Hi, my question is based of Q7.
Question 7
Based on the table from the previous question, a friend thinks that the training data distribution is much easier than the dev/test distribution. What do you think?
What does it mean that ‘training data distribution is much easier than the dev/test distribution’?
Hi @shamus , please do not post direct references to (correct/incorrect) answers in the quizzes. We are here to help each other, but this is an spoiler to other students in the course
By “data distribution is much easier” or “Bayes error for the data distribution is lower”, they mean that the data distribution of a particular set is closer to the true data distribution.
This is the part that I am having trouble wrapping my head around. It seems in the lecture it was simply “assumed” that human level performance on rear view mirror speech data is higher than that for general speech data (6% compared to 4%). Couldn’t it very well be also around 4%? In which case this entire argument breaks down? This part is not really explained with rigor and we are to assume that whenever dev/test error is lower than train/train-dev that the human level performance for the dev-test distribution will always be lower?
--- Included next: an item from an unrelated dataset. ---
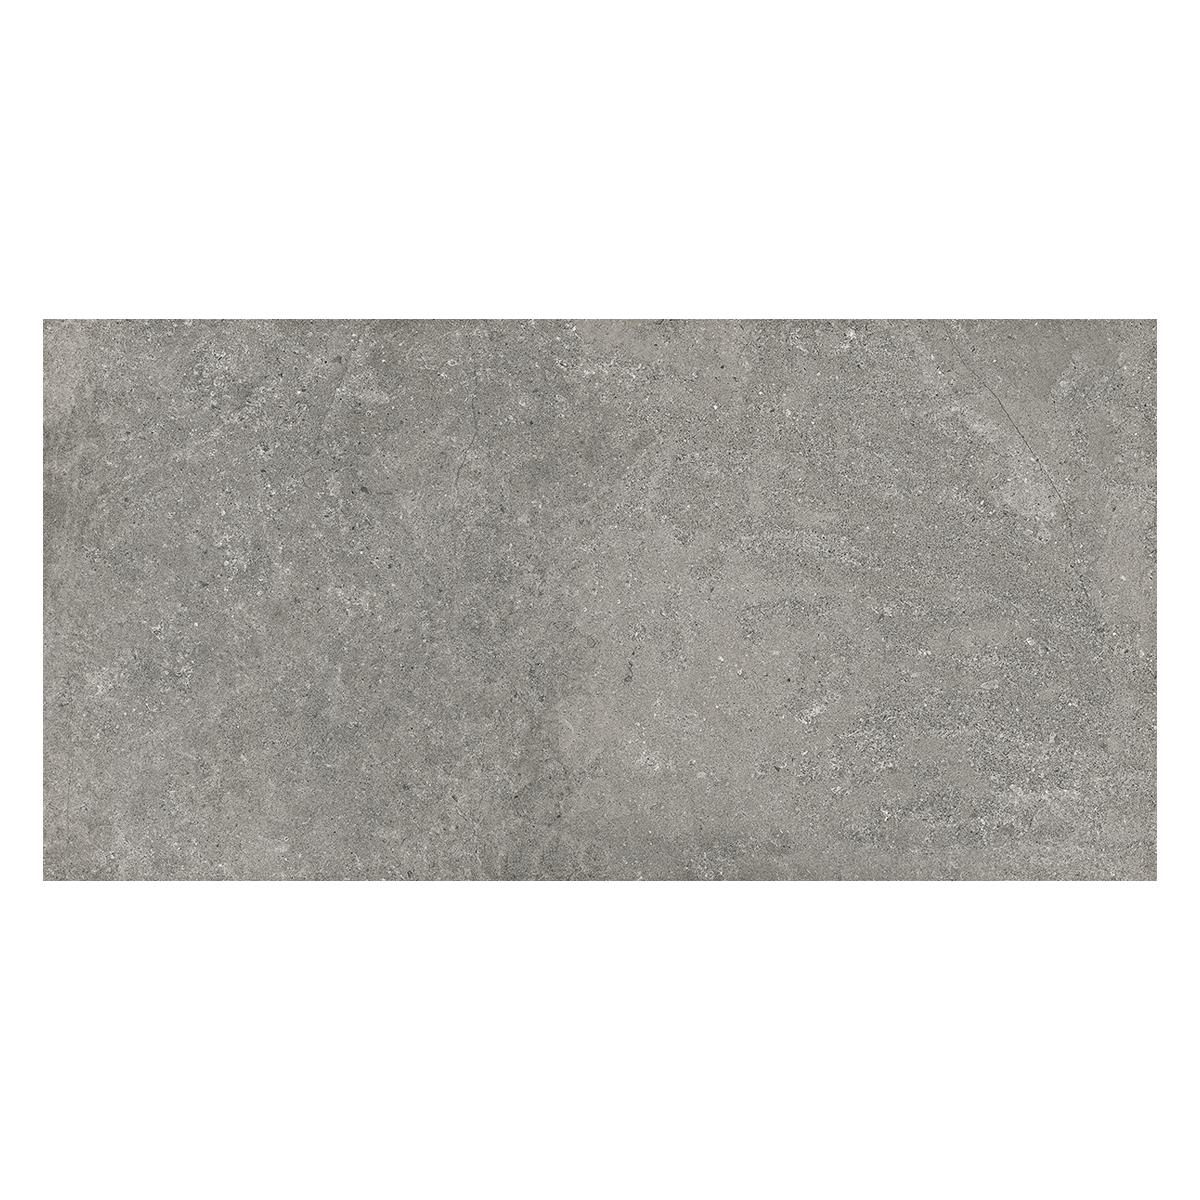 Porcelanato Belfast Marengo Mate - 60X120 cm - 1.44 m2

It doesn’t make a lot of sense to me to make that assumption.
I didn’t get the correct answer for this one myself. But I think that Professor Ng explained, maybe briefly. If a dataset contains many blurry/noisy images, the intrinsic level for making an incorrect classification (Bayes error) is high. We should assume that a dataset from a different distribution source has a different Bayes error.
Can we only compare the error with human-level error when the training dataset has the same distribution with dev/test distribution?
This is my understanding: if there is a data distribution mismatch, the human error can represent the benchmark for dev/test but cannot be used for training dataset.